2.4  Menentukan Strategi Pengembangan Kurikulum
Dalam pengembangan kurikulum bukanlah sebuah tindakan mekanistik. Tidak serta-merta setiap guru dapat mengembangkan kurikulum. Kegiatan itu memerlukan strategi yang memungkinkan kurikulum dapat dikembangkan sehingga membuahkan hasil yang baik. Maka penyusun mengemukakan 5 strategi pengembangan kurikulum yaitu sebagai berikut:
1. Mengubah Sistem Pendidikan
Mengubah seluruh sistem pendidikan hanya dapat dilakukan oleh pemerintah pusat, yakni Dinas Pendidikan Nasional, yang mempunyai wewenang penuh untuk mengadakan perubahan kurikulum secara total.
Perubahan ini menyeluruh dan dijalankan secara seragam di seluruh negara. Usaha besar-besaran ini hanya dapat dikordinasikan oleh pemerintah pusat dengan menjelaskan kebijaksanaan, petunjuk pelaksanaan, dan buku pedoman. Strategi ini sangat ekonomis dari segi waktu maupun tenaga bila perubahan kurikulum itu dilakukan secara seragam dan menyeluruh.
2. Mengubah Kurikulum Tingkat Lokal
Kurikulum yang nyata, yang riil, hanya terdapat di tempat guru dan murid berada, yakni di sekolah atau dalam kelas. Di sinilah masalah kurikulum yang sesungguhnya berada. Dalam kelas kurikulum menjadi hidup, bukan hanya secarik kertas. Dalam menghadapi anak dengan segala macam karakteristiknya, setiap guru akan menghadapi masalah yang tidak selalu dapat diperkirakan sebelumnya. Guru harus mengadakan penyesuaian. Oleh karena itu, betapapun ketat dan rincinya sebuah kurikulum, guru selalu mendapat kesempatan untuk mencobakan pikiran dan kreativitasnya.
3. Memberikan pendidikan in-service dan pengembangan staf
Kurikulum sekolah akan mengalami pengembangan jika mutu guru ditingkatkan. In-service training dianggap lebih formal, dengan rencana yang lebih ketat, dan diselenggarakan atas instruksi pihak atasan.
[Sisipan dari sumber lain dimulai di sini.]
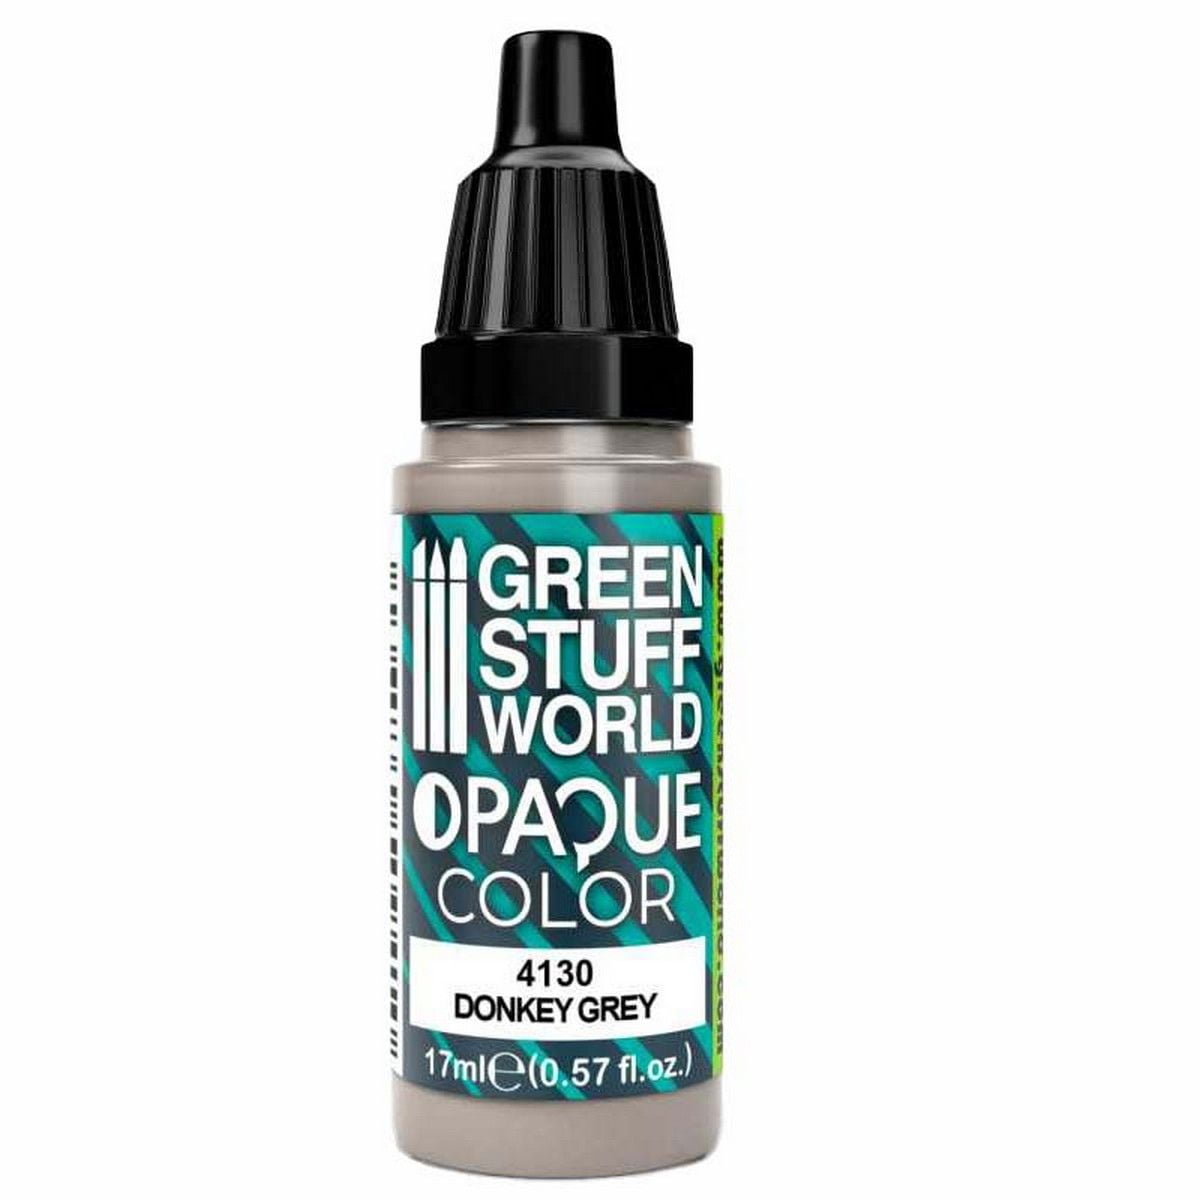 Opaque Colors - Donkey Grey - 17ml

Pengembangan staf lebih baik tidak formal, sehingga lebih bebas dan sesuai dengan kebutuhan guru. Guru dengan menerapkan apa yang sudah diperolehnya dalam pendidikan in-service atau kegiatan pengembangan staf lainnya, misalnya dapat disuruh mengobservasi dan menilai dirinya dalam mengajar dengan melihat rekaman kegiatan mengajar yang ia lakukan.
4. Supervisi
Dahulu penilik sekolah mengunjungi sekolah untuk mengadakan inspeksi dan memberi penilaian terhadap guru dan sekolah. Kedatangannya dipandang sebagai hari mendung penuh rasa takut yang dihadapi guru dengan segala macam tipu muslihat. Kini pengertian supervisi sudah berubah. Tujuannya ialah membantu guru mengadakan pengembangan dalam pengajaran. Supervisi adalah memberi pelayanan kepada guru agar dapat melakukan pembelajaran lebih efektif. Bila dirasa perlu, penilik sekolah dapat memberikan demonstrasi bagaimana melaksanakan suatu metode baru. Seorang penilik sekolah harus senantiasa mempelajari perkembangan kurikulum dan metode mengajar modern serta dapat pula menerapkannya.
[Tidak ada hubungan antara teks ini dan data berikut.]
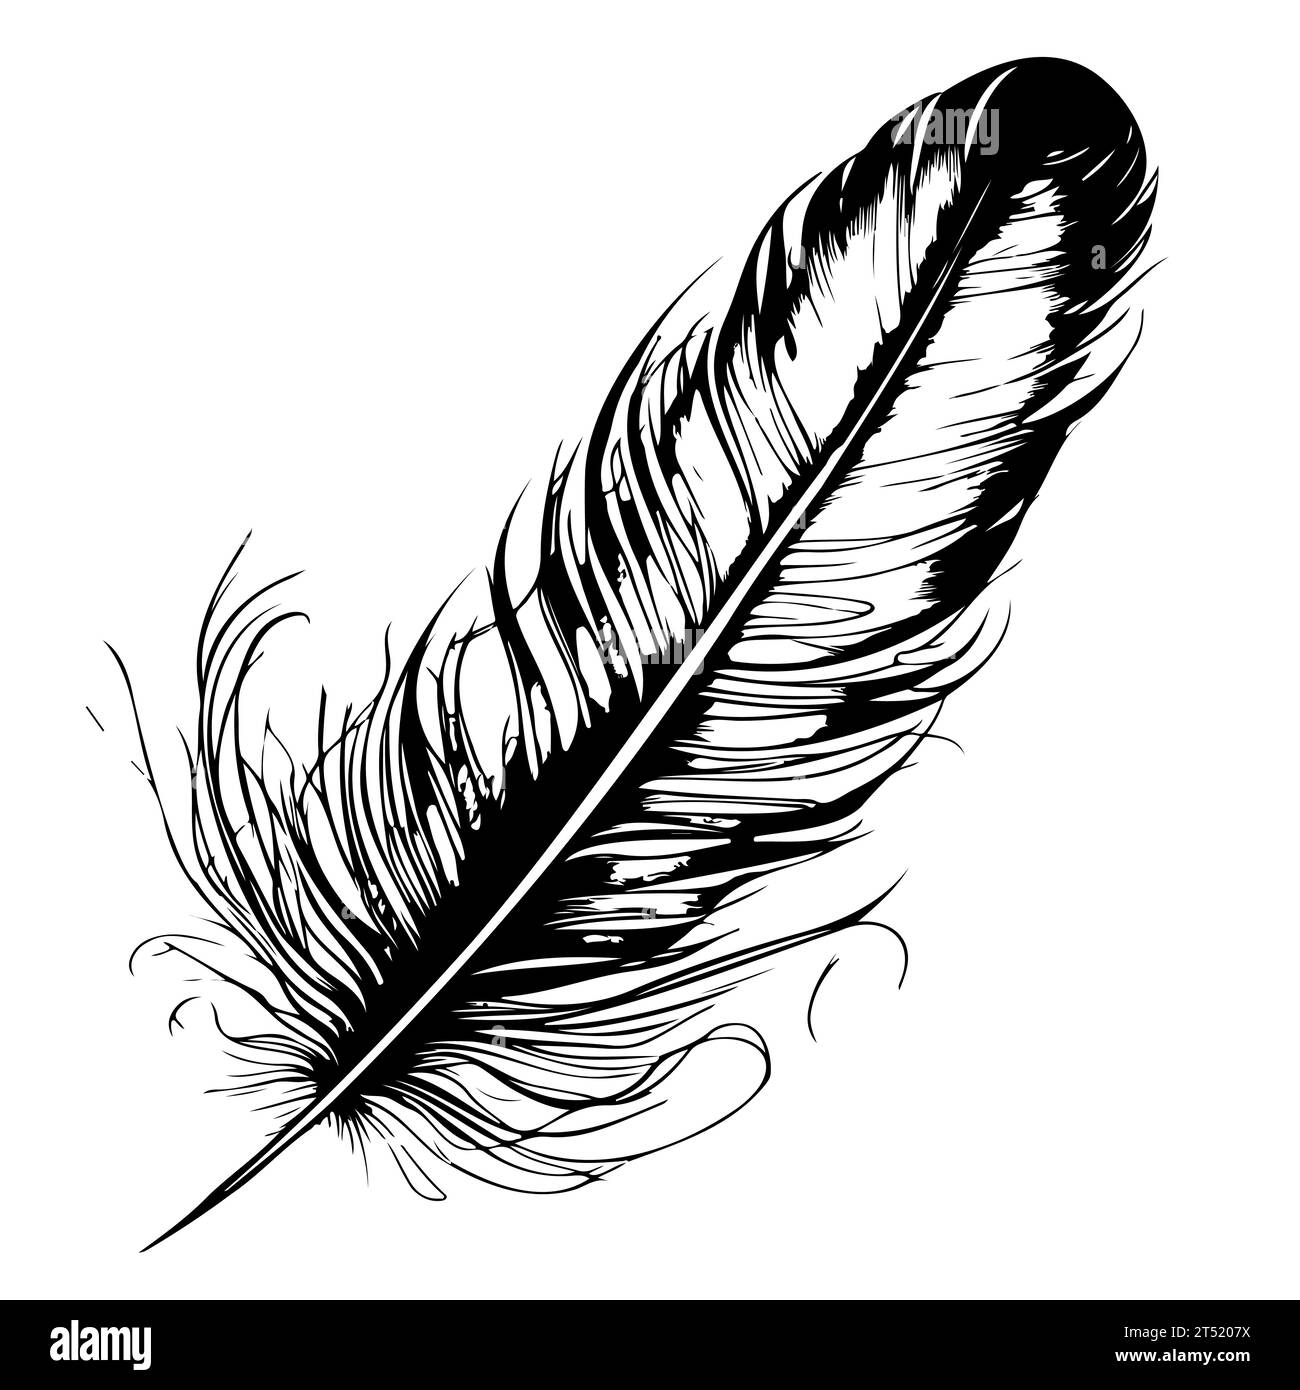 bird feather. Hand drawn illustration converted to vector. Outline with ...

5. Eksperimentasi dan penelitian
Negara kita tidak tertutup bagi macam-macam pembaruan dalam pendidikan. Kemajuan teknologi informasi dan komunikasi membuka pendidikan kita terhadap pengaruh dari negara-negara lain di dunia ini. Ciri kemajuan ialah perubahan dan perbaikan. Penelitian atau riset pendidikan belum cukup banyak dilakukan di negara kita. Hasil penelitian pun tidak langsung dapat diterapkan. Diperlukan waktu yang cukup sebelum hasil penelitian itu dapat diterima oleh khalayak luas.
Yang lebih mungkin dilaksanakan ialah eksperimentasi, yakni mencobakan metode atau bahan baru. Pada dasarnya setiap kurikulum baru harus diujicobakan lebih dahulu sebelum disebarkan ke semua sekolah. Pembaruan kurikulum tanpa uji coba terlebih dahulu sangatlah beresiko, karena dapat menghamburkan biaya dan tenaga, tanpa jaminan bahwa pembaruan itu akan membawa perbaikan.
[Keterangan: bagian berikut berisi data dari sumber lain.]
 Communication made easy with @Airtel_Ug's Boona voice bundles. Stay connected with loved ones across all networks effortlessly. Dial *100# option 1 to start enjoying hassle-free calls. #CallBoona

Dalam menentukan strategi pengembangan kurikulum, pengembang dapat melaksanakannya dengan beberapa strategi di atas, akan tetapi tidak semua strategi dapat dilaksanakan dengan baik. Namun, dalam pengembangan kurikulum ini dapat digunakan beberapa strategi di atas dengan menyesuaikan situasi dan kondisi yang ada di sekitarnya.

BAB III
PENUTUP
Menurut Zainal Arifin dalam bukunya “Konsep dan Model Pengembangan Kurikulum” (2011: 137) Model atau konstruksi merupakan ulasan teoritis tantang suatu konsepsi dasar. Dalam pengembangan kurikulum, model dapat merupakan ulasan teoritis tentang suatu proses kurikulum secara menyeluruh  atau dapat pula merupakan ulasan tentang salah satu bagian dari kurikulum. Disamping itu, ada model yang mempersoalkan keseluruhan proses dan ada pula yang hanya menitikberatkan pandangannya pada mekanisme penyusunan kurikulum. Ulasan teoritis demikian dapat pula hanya mengutamakan uraiannya pada segi organisasi kurikulum dan ada pula yang menitikberatkan ulasannya hanya pada hubungan antarpribadi orang-orang yang terlibat dalam pengembangan kurikulum. Aplikasi model-model sebaiknya didasarkan pada faktor-faktor konstan, sehingga ulasan tentang model yang dibahas dapat terungkapkan secara konsisten.
Pada semua model pengembangan kurikulum yang telah dijelaskam di atas, titik pandang yang diletakkan oleh para pengembang berbeda-beda. Kita tidak dapat mengatakan bahwa suatu model memiliki keuntungan dan dan kekurangnnya. Apabila kita ingin menerapkan suatu model, sebaiknya dikaji terlebih dahulu situasi dan kondisi kerja yang ada serta kepentingan kita, kemudian menentukan model manakah yang dapat diterapkan dengan memanfaatkan kelebihan-kelebihan beberapa model.



DAFTAR PUSTAKA

Arifin, Zainal.2011. Konsep dan Model Pengembangan Kurikulum. Bandung: PT. Remaja Rosdakarya.
Sukmadinata, Nana Sy. 2005. Pengembangan Kurikulum: Teori dan Praktek. Yogyakarta: PT Raja Grafindo Widya.